Segment Start: Data extract

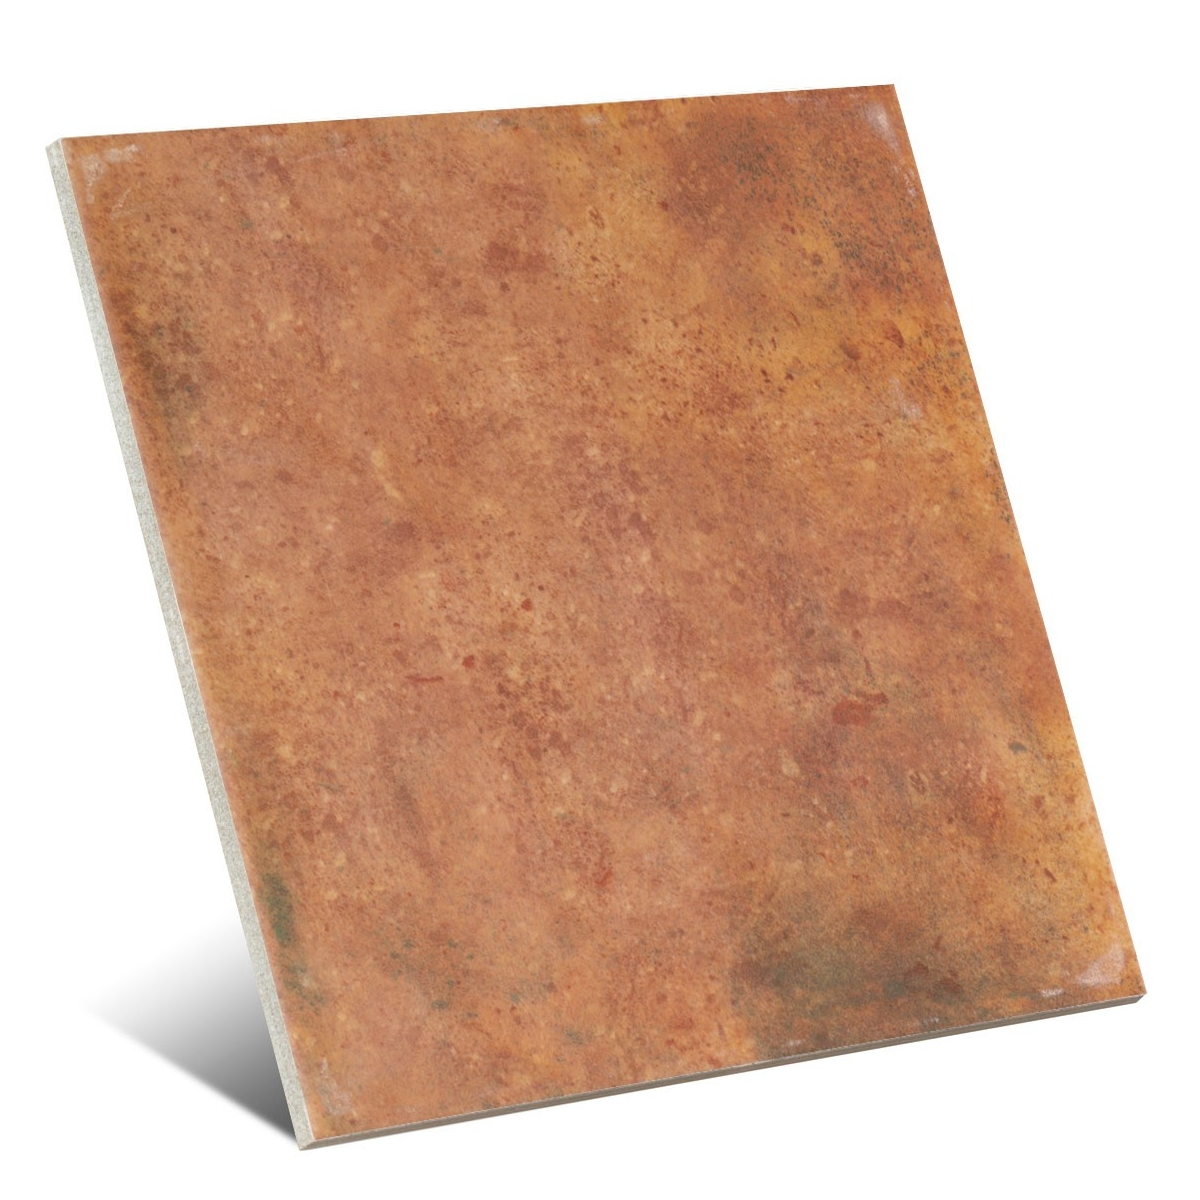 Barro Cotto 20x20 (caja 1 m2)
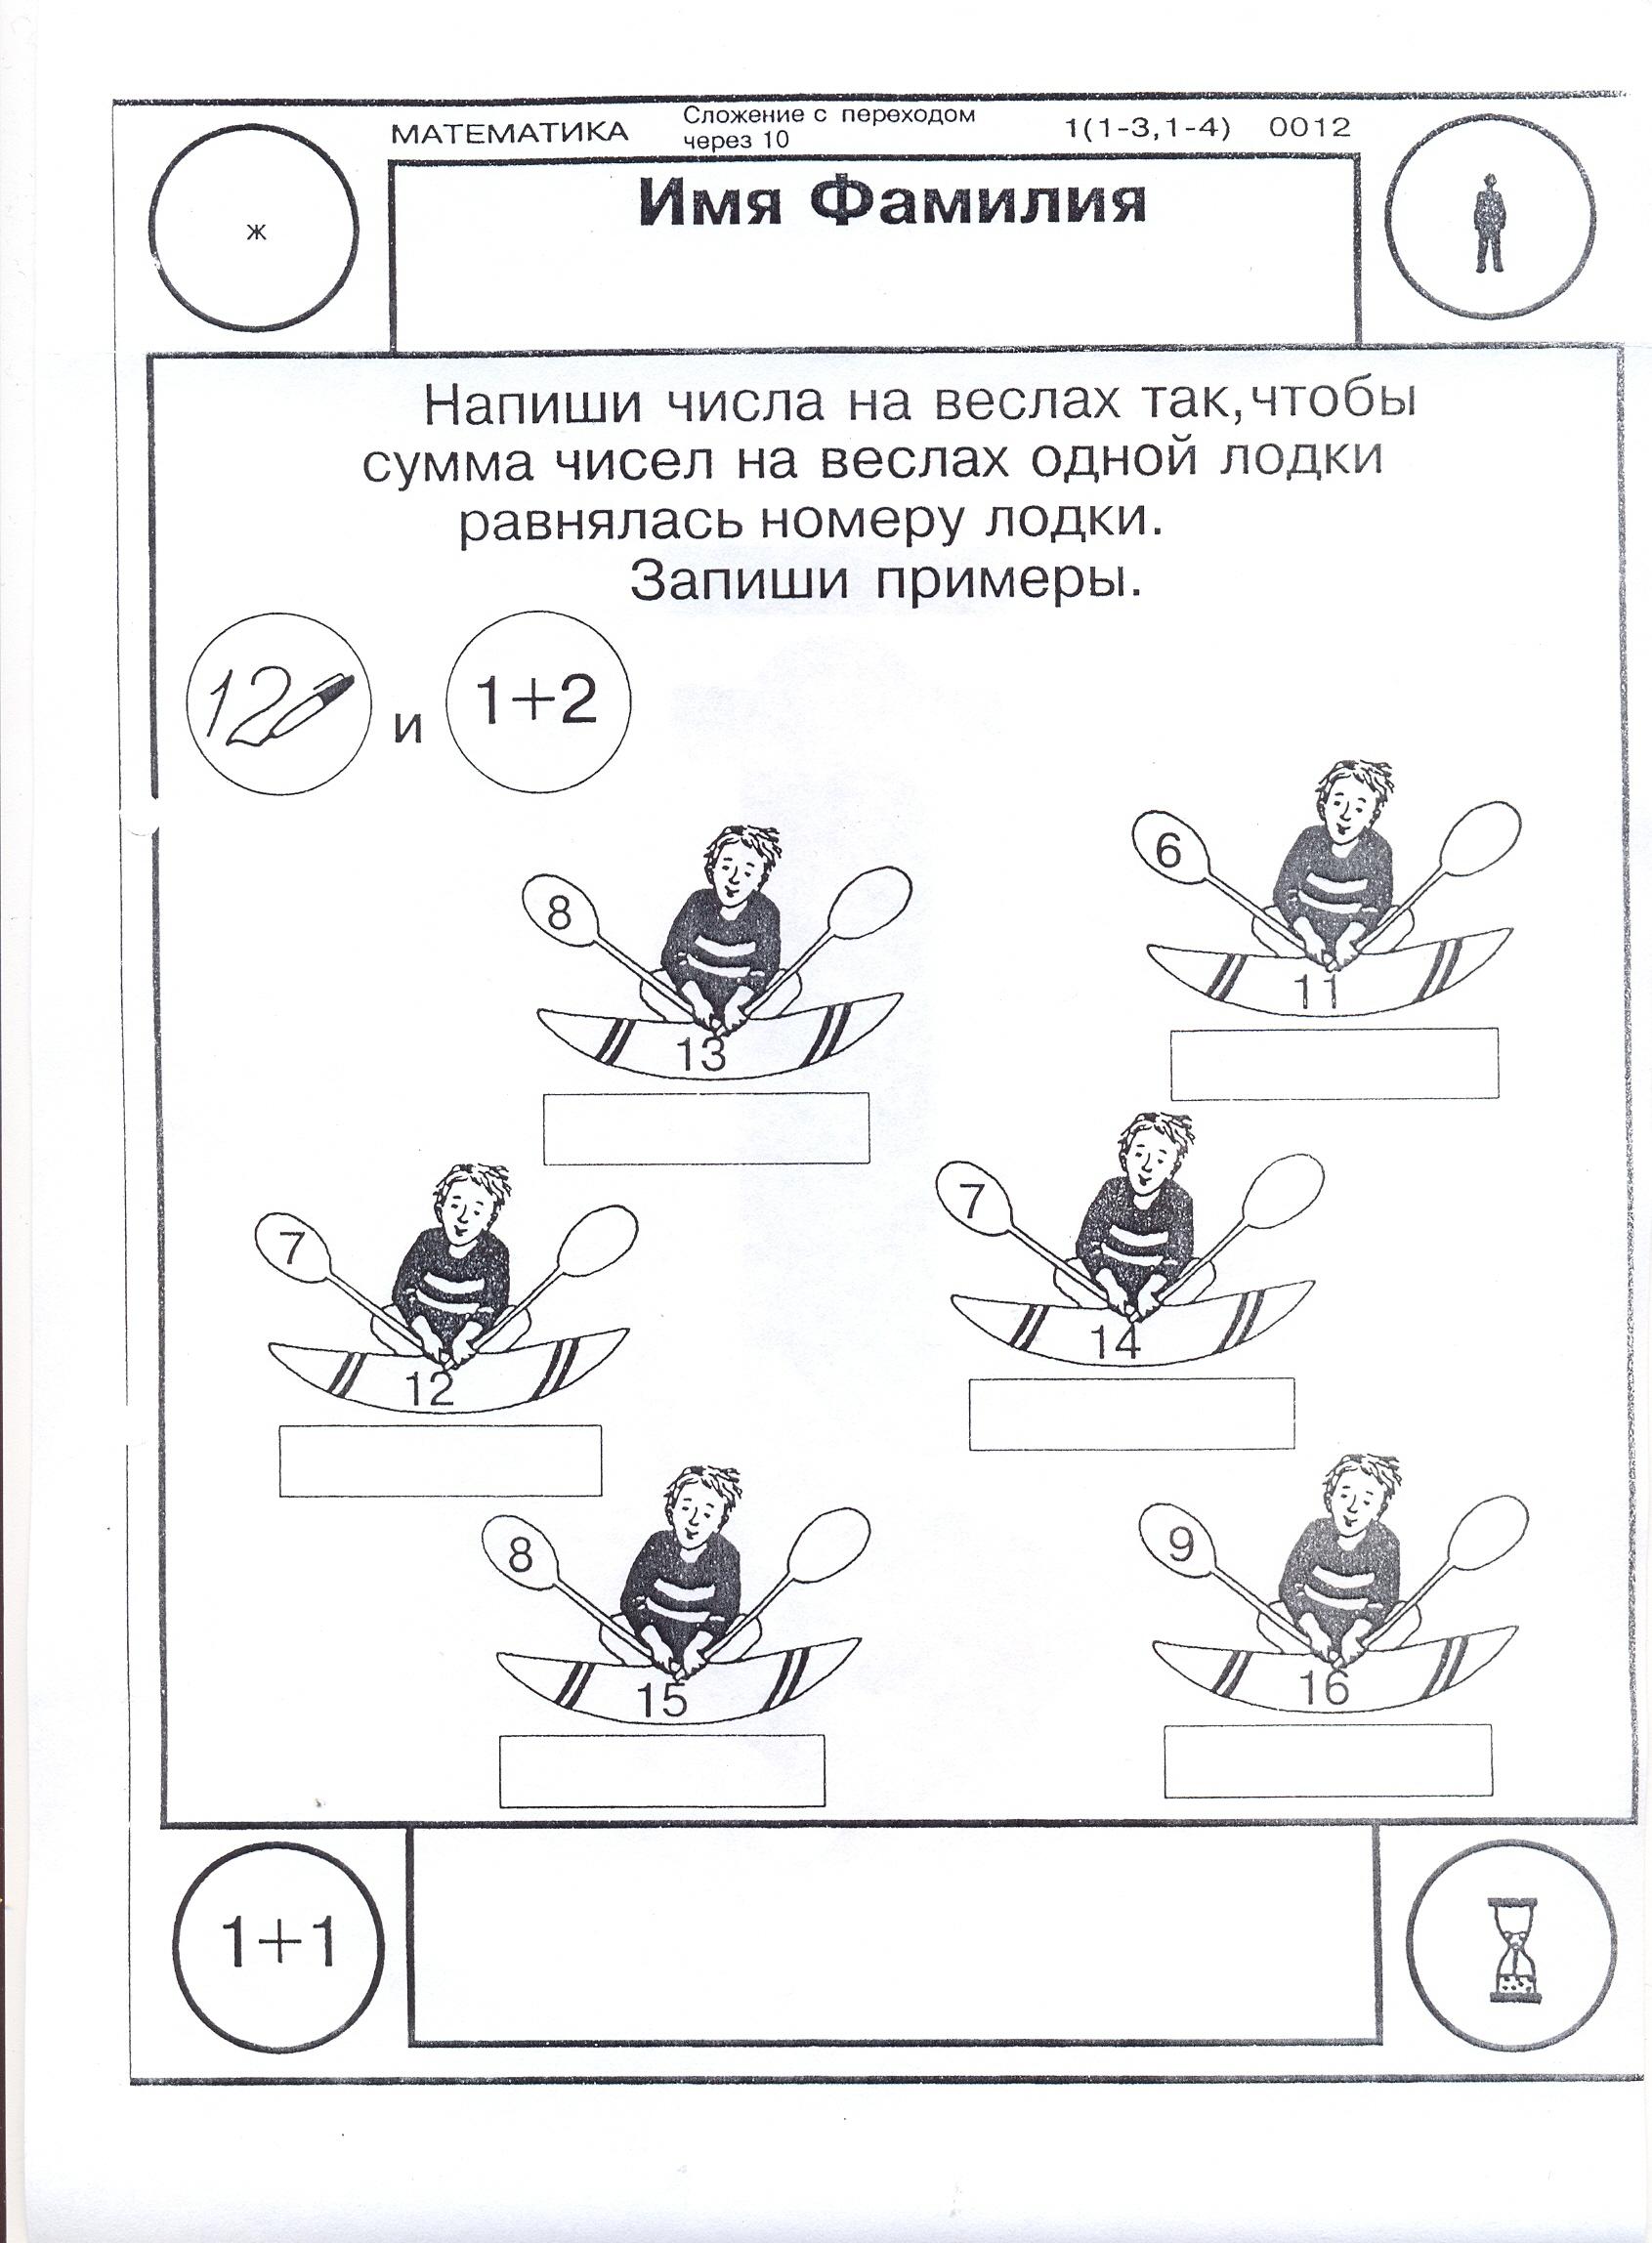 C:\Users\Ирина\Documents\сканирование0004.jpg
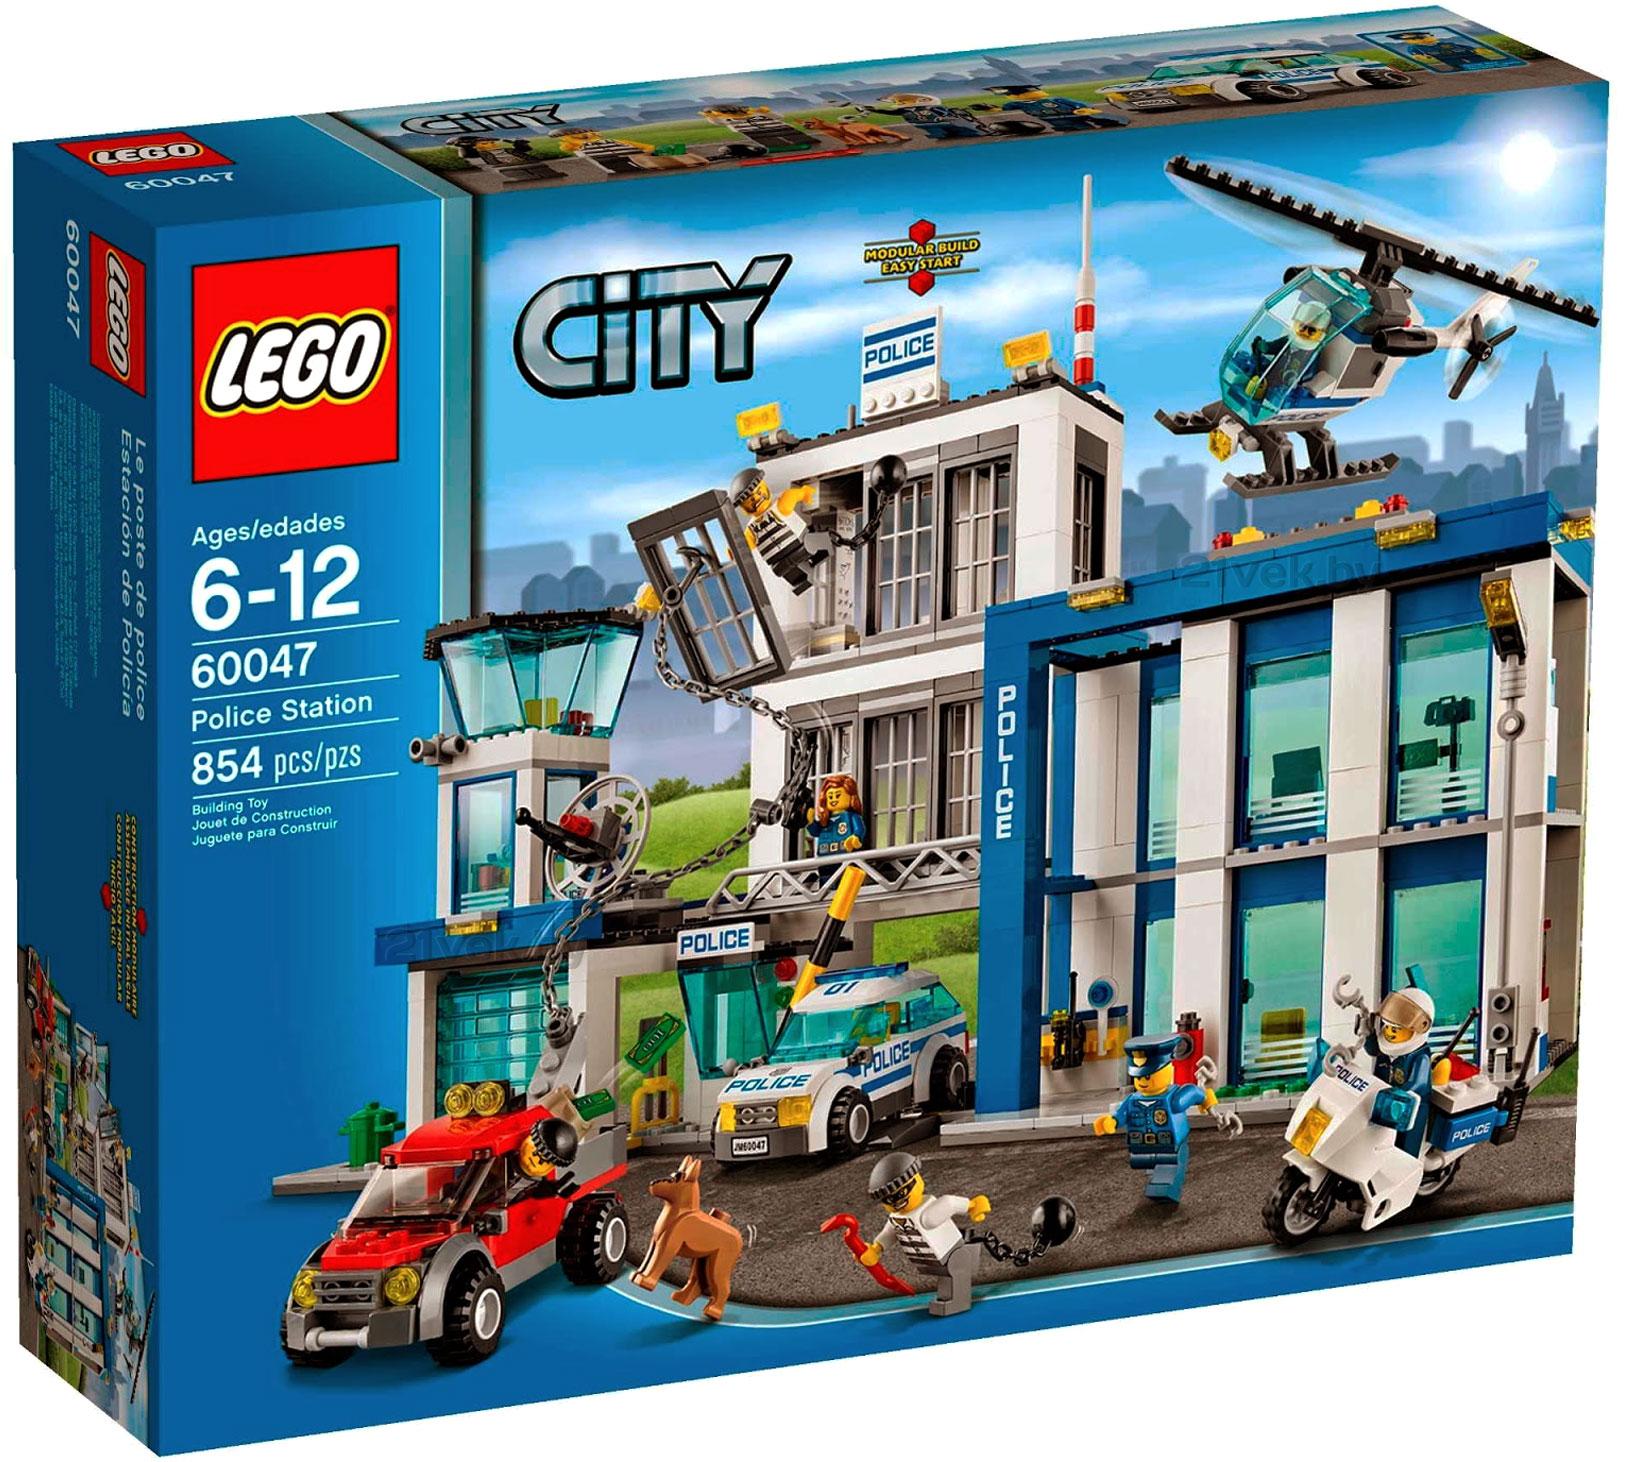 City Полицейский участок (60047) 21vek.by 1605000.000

Segment End: Data extract

■ Exercise aim
What you give back should be exactly the lines from the line holding "C:\Users\Ирина" through the final line of the material, both ends included, and please leave out the pictures.

■ Written answer
 C:\Users\Ирина\Documents\сканирование0004.jpg
 City Полицейский участок (60047) 21vek.by 1605000.000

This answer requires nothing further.